Use filtered water for: Daily drinking — keeps beneficial minerals, removes contaminants, tastes better, costs less. Cooking — mineral content affects taste in coffee, tea, and bread baking (in a good way). Baby formula — talk to your pediatrician, but filtered water is the standard recommendation for most situations.

The cost comparison: A gallon of distilled water costs $1-2 at the store. A pitcher filter produces a gallon for about $0.10-0.15. An under-sink carbon filter produces a gallon for about $0.02-0.05. If you're buying distilled water just for drinking, a water filter pays for itself in weeks.

Common questions

FAQ

1Does distilled water leach minerals from your body?

No. This is a persistent myth. The osmotic pressure difference between distilled water and your body fluids is equalized almost immediately in the stomach. Your kidneys regulate mineral balance regardless of the mineral content of the water you drink. Drinking distilled water does not pull calcium from your bones or minerals from your organs.
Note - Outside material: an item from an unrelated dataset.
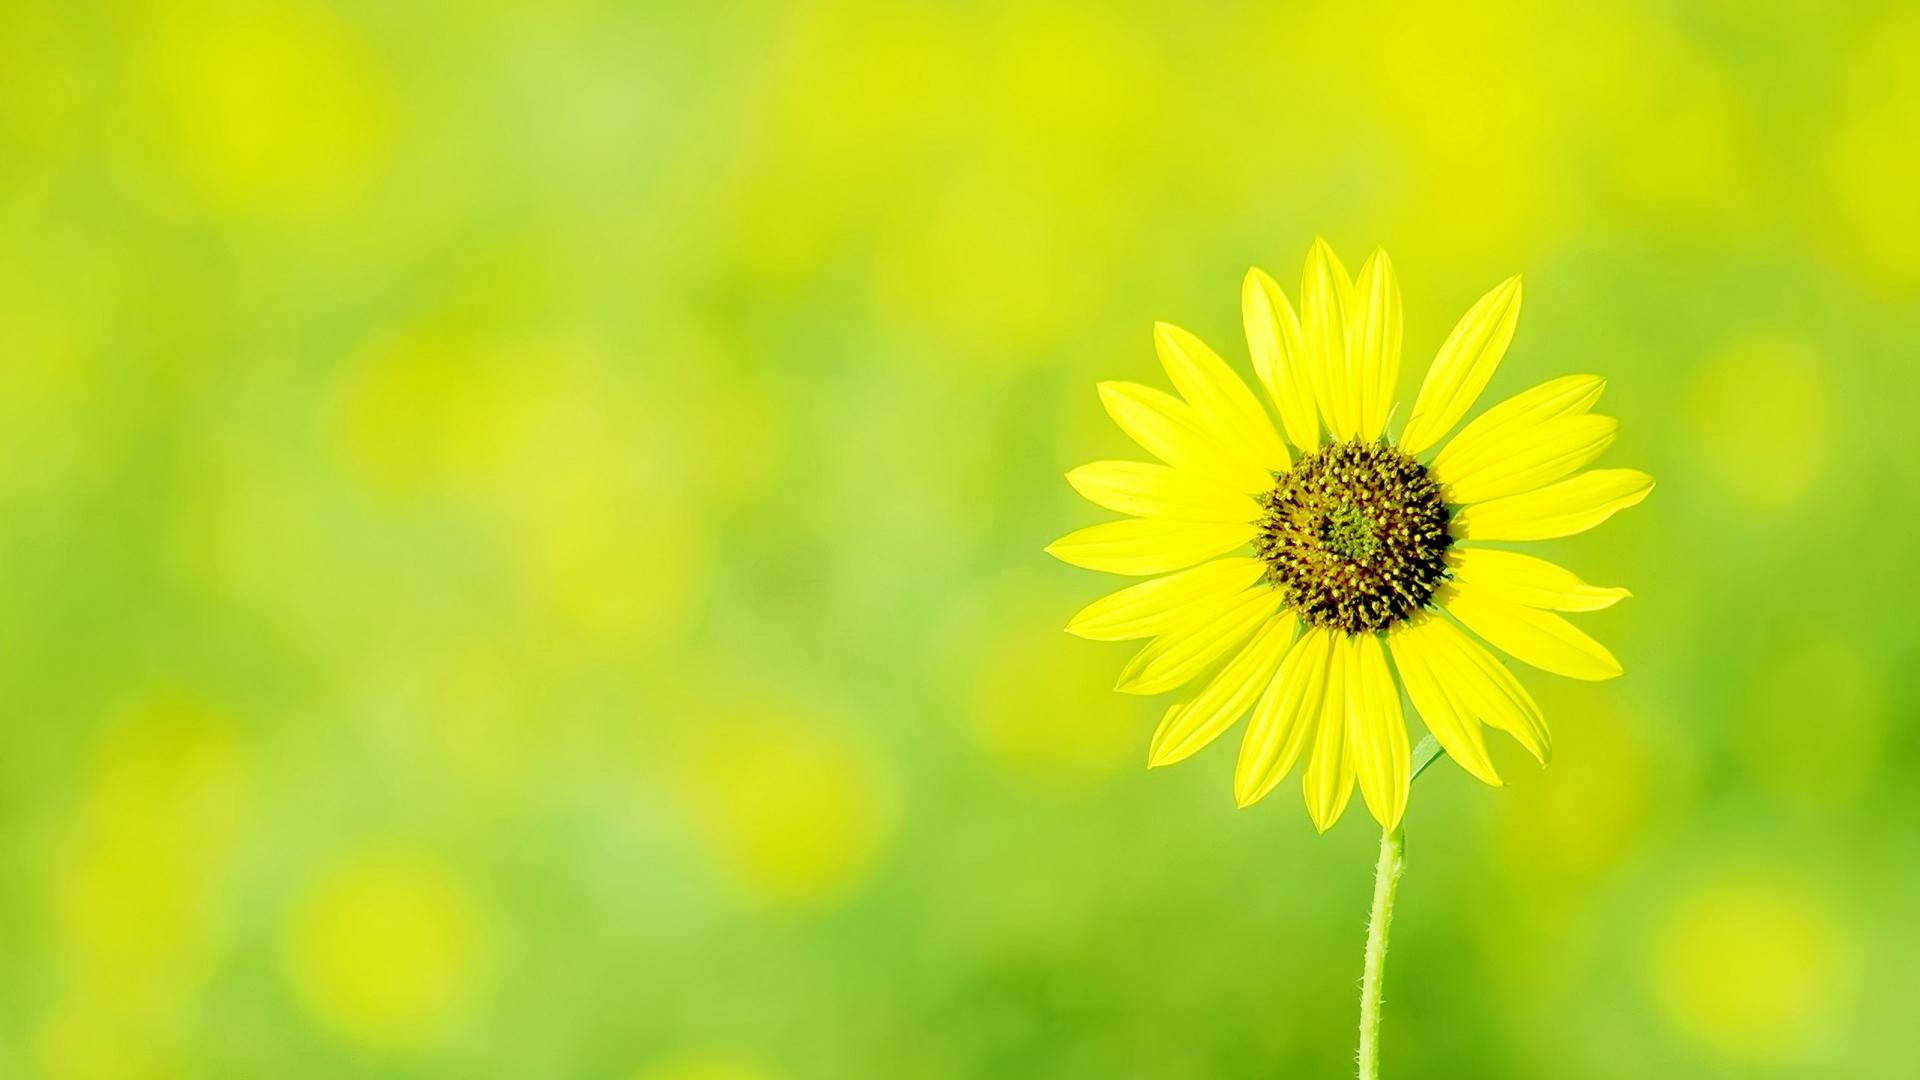 фотографий картинки на рабочий стол зеленый желтый часто можно встретить

2Can you drink distilled water every day?

Yes, if you're a healthy adult with a balanced diet. The minerals missing from distilled water are easily obtained from food. The WHO hasn't found enough evidence to recommend against it. The main downsides are taste (most people find it flat) and cost (buying it is more expensive than filtering tap water).

3Is distilled water the same as purified water?
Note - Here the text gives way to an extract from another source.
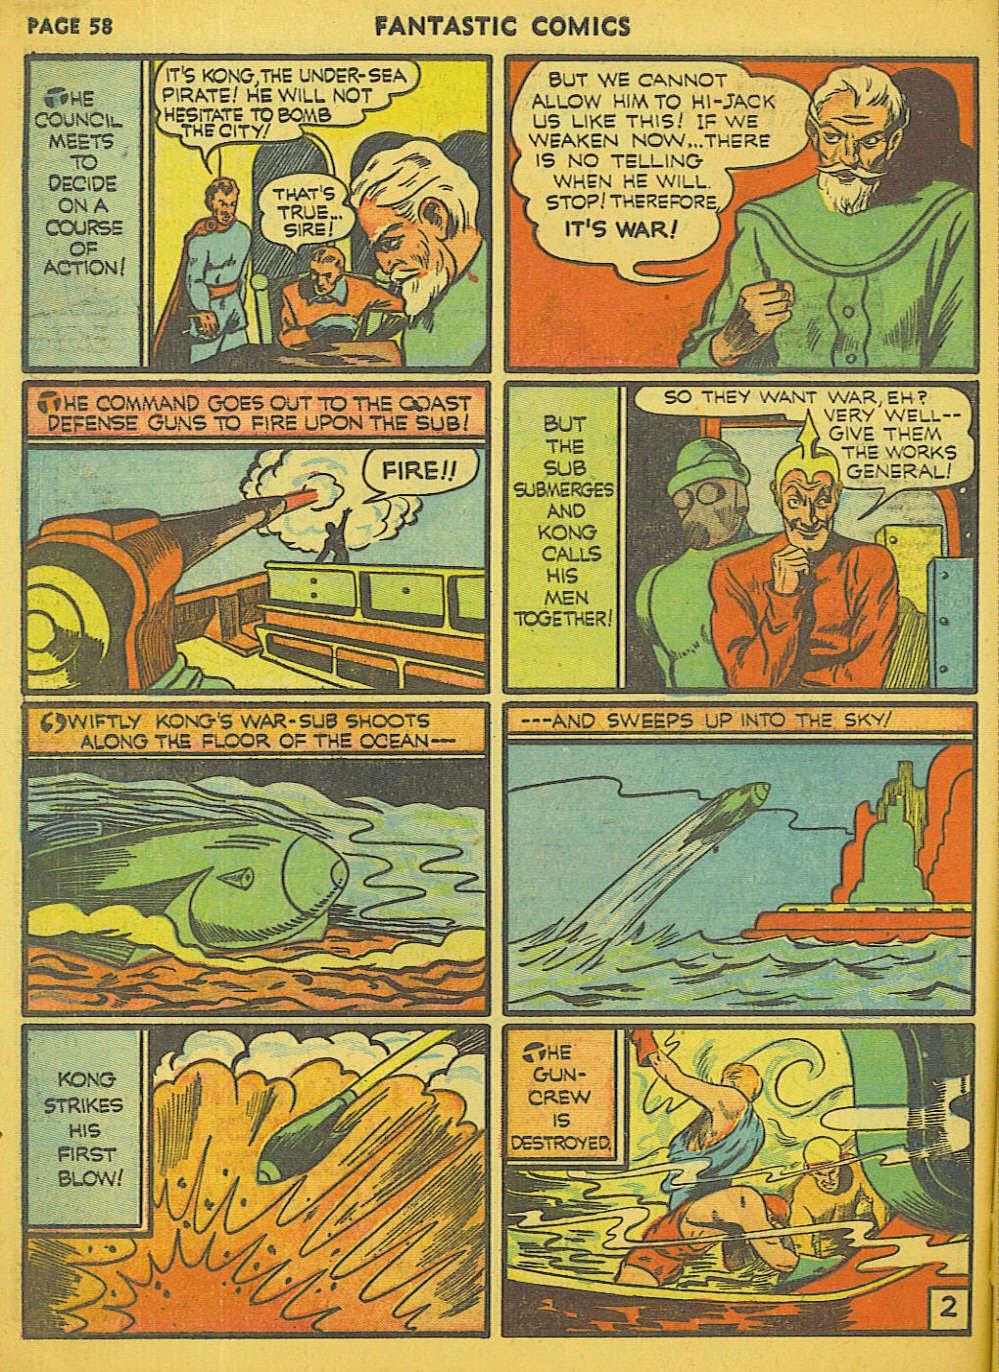 Read online Fantastic Comics comic -  Issue #15 - 53

All distilled water is purified, but not all purified water is distilled. 'Purified' is an FDA label for water below 10 ppm TDS — it can be achieved through distillation, reverse osmosis, or deionization. Most bottled purified water (Dasani, Aquafina) is RO-treated municipal water with minerals added back for taste. Distilled water specifically refers to the boiling-and-condensation process.

4Why does distilled water taste weird?

Dissolved minerals give water its taste. Calcium, magnesium, and bicarbonates create the subtle flavor you're used to in tap or spring water. Distilled water has essentially zero minerals, so it tastes flat or empty. Some people describe it as slightly metallic. This isn't harmful — it's just the absence of what you're used to tasting.
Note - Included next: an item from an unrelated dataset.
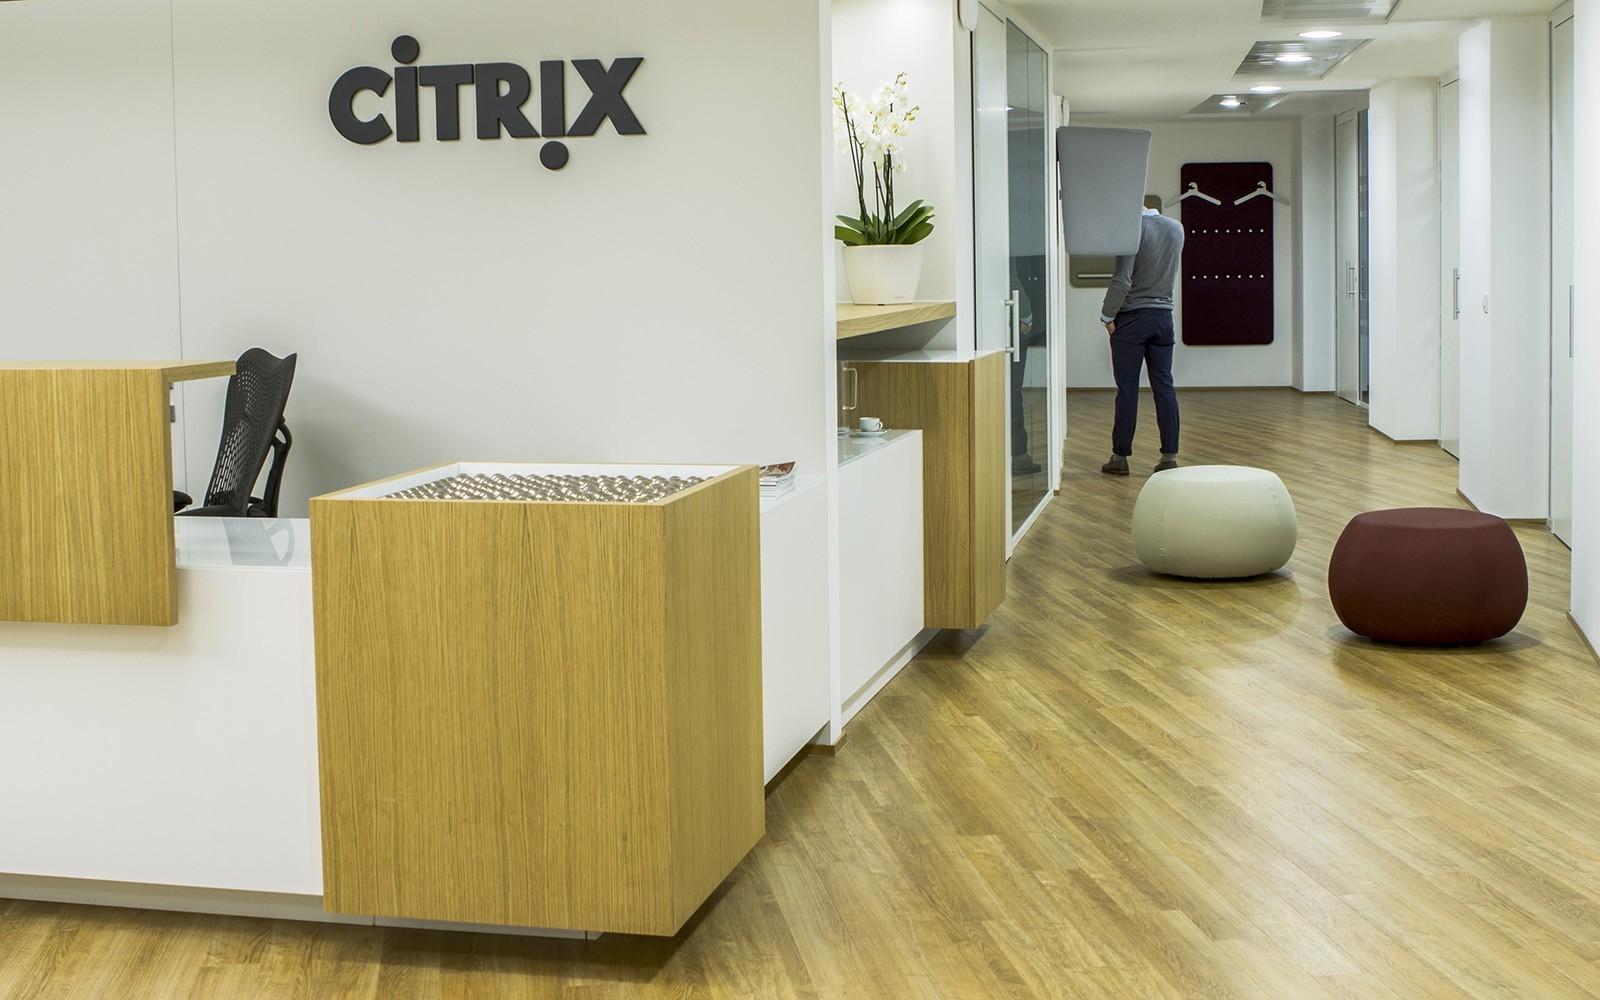 inside citrix s elegant office in italy officelovin 39. Black Bedroom Furniture Sets. Home Design Ideas

5Should I use distilled water for my coffee maker?

Not recommended. Distilled water doesn't cause scale buildup, which sounds ideal, but some manufacturers warn against it. The lack of minerals can corrode certain boiler materials over time. More importantly, minerals in water contribute to coffee flavor — completely mineral-free water produces flat-tasting coffee. Filtered water (carbon filter or moderate-TDS RO) is the better choice for coffee makers.

6Is RO water the same as distilled water?

Similar but not identical. Both remove the vast majority of dissolved solids. RO pushes water through a semipermeable membrane. Distillation boils and condenses it. RO typically produces water at 10-50 ppm TDS. Distillation produces water at 0-5 ppm TDS. For drinking purposes, the practical difference is minimal. RO is more energy-efficient and more practical for home use.